You may wonder why your doctor monitors your vitamin D levels. But make no bones about it. The nutrient is vital.
The water-soluble vitamin is a companion to calcium in maintaining healthy bones, says Dr. Archna Vajpayee, MD, primary care physician at Memorial Hermann Medical Group (MHMG) West University. “Without adequate vitamin D, there’s a risk bones can demineralize.
“Healthy levels are important for skeletal development, bone health maintenance and neuromuscular functioning,” she says. “They also may affect the immune system.”
But before you rush to buy a supplement, here are some pointers from Dr. Vajpayee:
Q: How much vitamin D should I take to maintain already healthy levels?
Generally, men and women should take 400 IU (International units) daily until age 70 and then 600 IU, Dr. Vajpayee says. It doesn’t matter what time of day you take it or if you’ve eaten.
Q: How do I know if I’m deficient in vitamin D?
Don’t rely on symptoms alone.
“The signs are often nonspecific,” Dr. Vajpayee says. “Occasionally people complain of fatigue, but typically deficiency goes unrecognized and untreated.”
When bones demineralize, you could have bone discomfort, muscle aches and weakness and an increased risk of falls due to muscle weakness.
“Randomized control trials show vitamin D supplementation reduces the incidence of falls in nursing home residents,” she says.
Your doctor can run a 25-hydroxy vitamin D blood test, which reveals most accurately how much vitamin D circulates in your body.
A level of less than 20 nanograms per milliliter is considered “deficient,” and 20-30 ng/mL is “insufficient,” Dr. Vajpayee says.
Q: What causes vitamin D deficiency?
You may lack vitamin D due to a medication you are taking, such as steroids or anticonvulsants that you need for certain ailments. “But a third of cases have no known risk factor,” she says.
People who are over age 65, obese, sedentary or get inadequate sunlight exposure have a heightened risk.
“It’s not clearly known why being sedentary matters, but the more active you are, the more you use your bones,” Dr. Vajpayee says.
Q: How is the condition treated?
If your levels are deemed deficient, you’ll be prescribed high-dose vitamin D supplements (50,000 IU) for eight weeks.
While there are two common forms—vitamin D2 (ergocalciferol) and D3 (cholecalciferol)—you can take either, since the former converts into the latter, she says.

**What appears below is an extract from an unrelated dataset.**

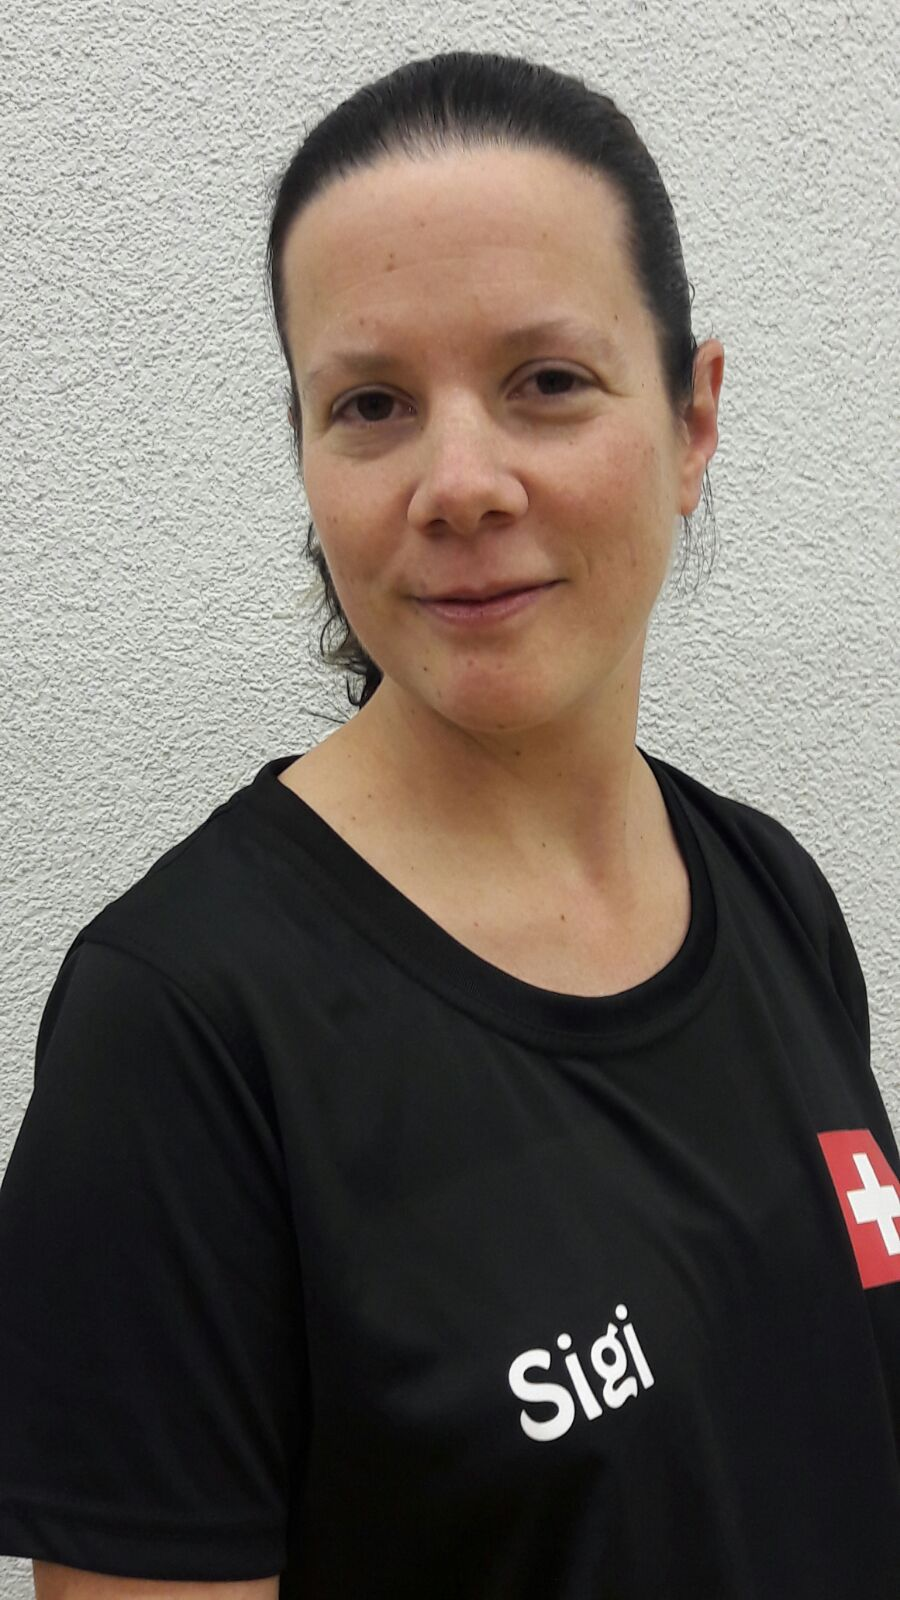 Ramona Siegenthaler, BE

Your primary care physician may also monitor your blood levels for excess vitamin D, known as hypervitaminosis D.
Levels of 100 ng/ML or higher may cause a headache, a metallic taste, nausea, vomiting or pancreatitis, which is an inflammation of your pancreas.
Report any symptoms to your health care provider—and also alert them if you have any further questions.
Q: Should everyone take a vitamin D supplement?
No. The vitamin is contraindicated for those with granulomatous diseases, she says.
Granulomas are inflammatory cells that can collect within the body’s organs and lymph nodes due to such diseases as tuberculosis, metastatic bone cancer, sarcoidosis and the rare disorder, William’s syndrome.